2. Multimodal AI Agent

  • The agent operates as a "digital teammate." It doesn't just output text; it executes actions. For example, a user might say, "Export last month's deals and send them to the sales team." The agent then:
    1. Navigates to Salesforce.
    2. Filters deals by date.
    3. Exports the data.
    4. Opens Gmail.
    5. Composes and sends the email with the attachment.

3. Limitations & Oversight

  • Current reviews indicate that while impressive, the system requires supervision. Complex tasks may fail if the UI changes slightly or if ambiguity arises in the instruction. It is not yet a fully autonomous "set and forget" solution for high-stakes financial transactions.

GitHub & Open Source

The open-source community reflects the bifurcation of the Adept brand. While Synergis keeps its core IP proprietary, Adept Labs’ concepts are heavily discussed in agentic frameworks. Additionally, unrelated projects share the acronym.

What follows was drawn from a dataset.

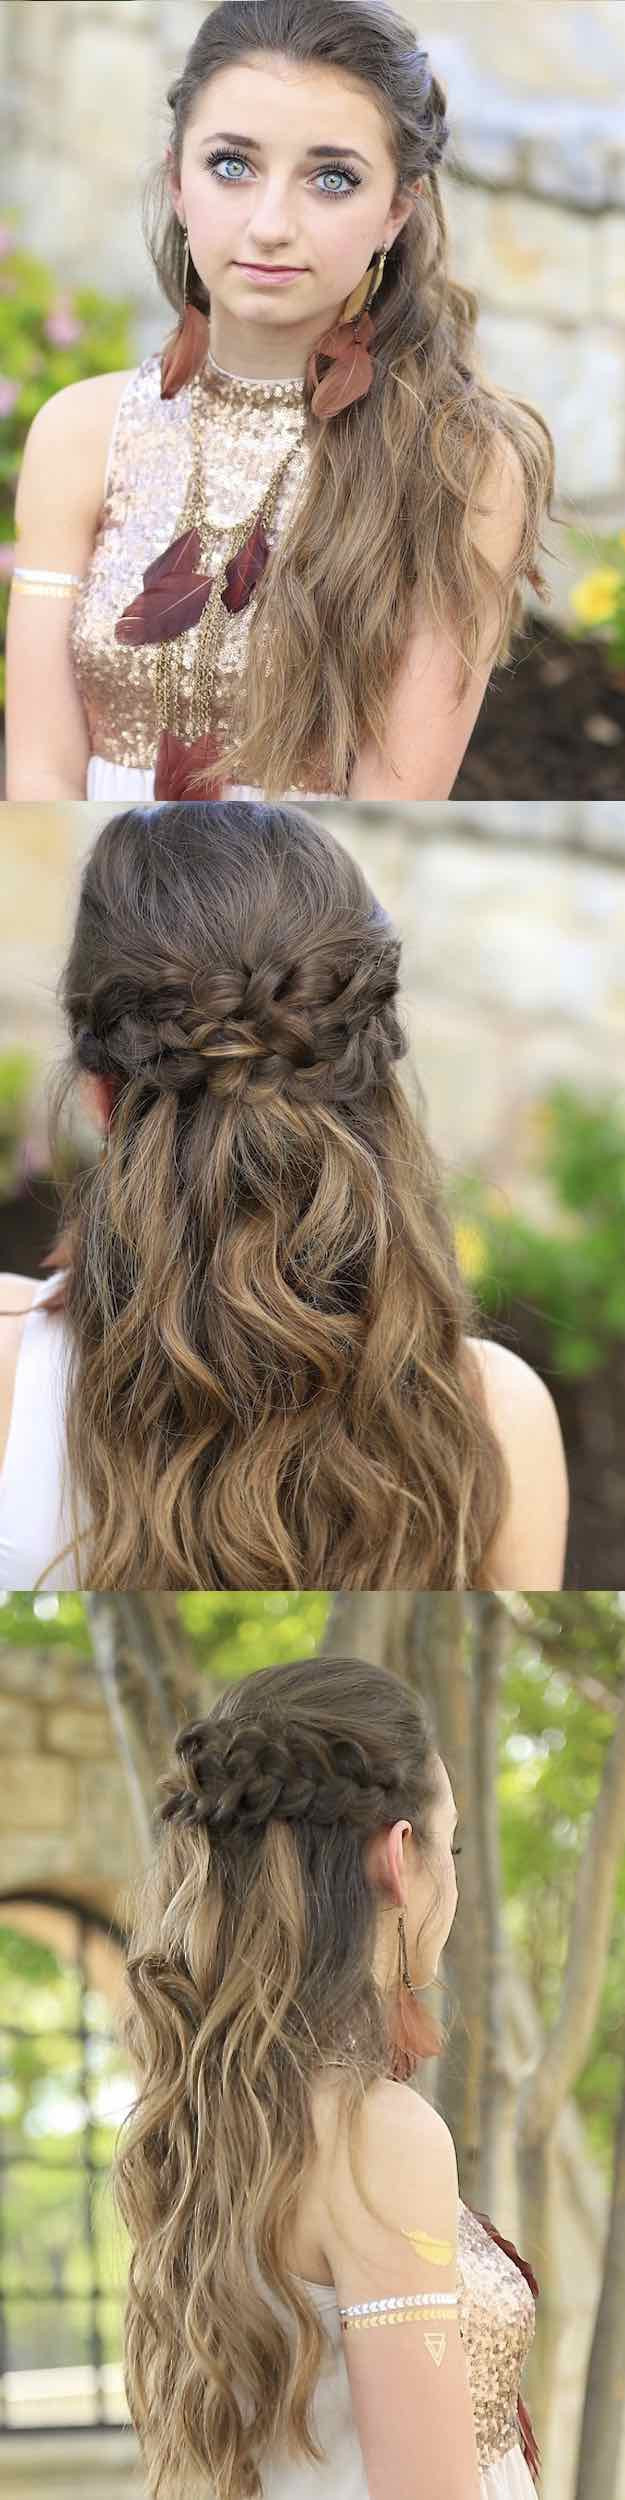 Hair Down Prom Hairstyles
 25 Easy Half Up Half Down Hairstyle Tutorials For Prom

Relevant Repositories & Activity

  • ADEPt-AI (Adverse Drug Effect Predictor)

    • Repo: ayobamiakomolafe/ADEPt-AI-
    • Description: An interesting outlier. This project uses AI to predict adverse drug effects. It iterates over thousands of combinations. While it shares the name, it is unrelated to the enterprise automation Adept Labs.
    • Stars: Low (Community project).
  • ADEPT: Agentic Discovery and Exploration Platform

    • Repo: pnnl/adept-agentic
    • Description: Developed by Pacific Northwest National Laboratory (PNNL). This is a three-tier secure framework for multi-agent scientific workflows. It supports 28+ MCP tools and 10 client interfaces. It uses declarative multi-LLM configuration.
    • Relevance: Demonstrates the academic and government interest in "Adept" style agentic discovery, though distinct from the commercial Adept Labs product.
  • adept_ai (Framework for Dynamic Agents)

    • Repo: Finndersen/adept_ai
    • Description: Described as an abstraction layer between agent frameworks (like LangChain or AutoGen) and the context (tools, system prompts, resource data).
    • Relevance: Shows developers are building middleware to facilitate the kind of context-aware automation Adept Labs promises.
  • General Agentic Ecosystem Context

    • Developers looking to build similar "computer use" agents often look to the broader ecosystem. Key repos influencing this space include:
  • Hugging Face Organization

    • Profile: Hugging Face - AdeptAILabs
    • Activity: The organization profile exists, indicating they are sharing models or datasets with the community, aligning with their identity as an "ML research and product lab."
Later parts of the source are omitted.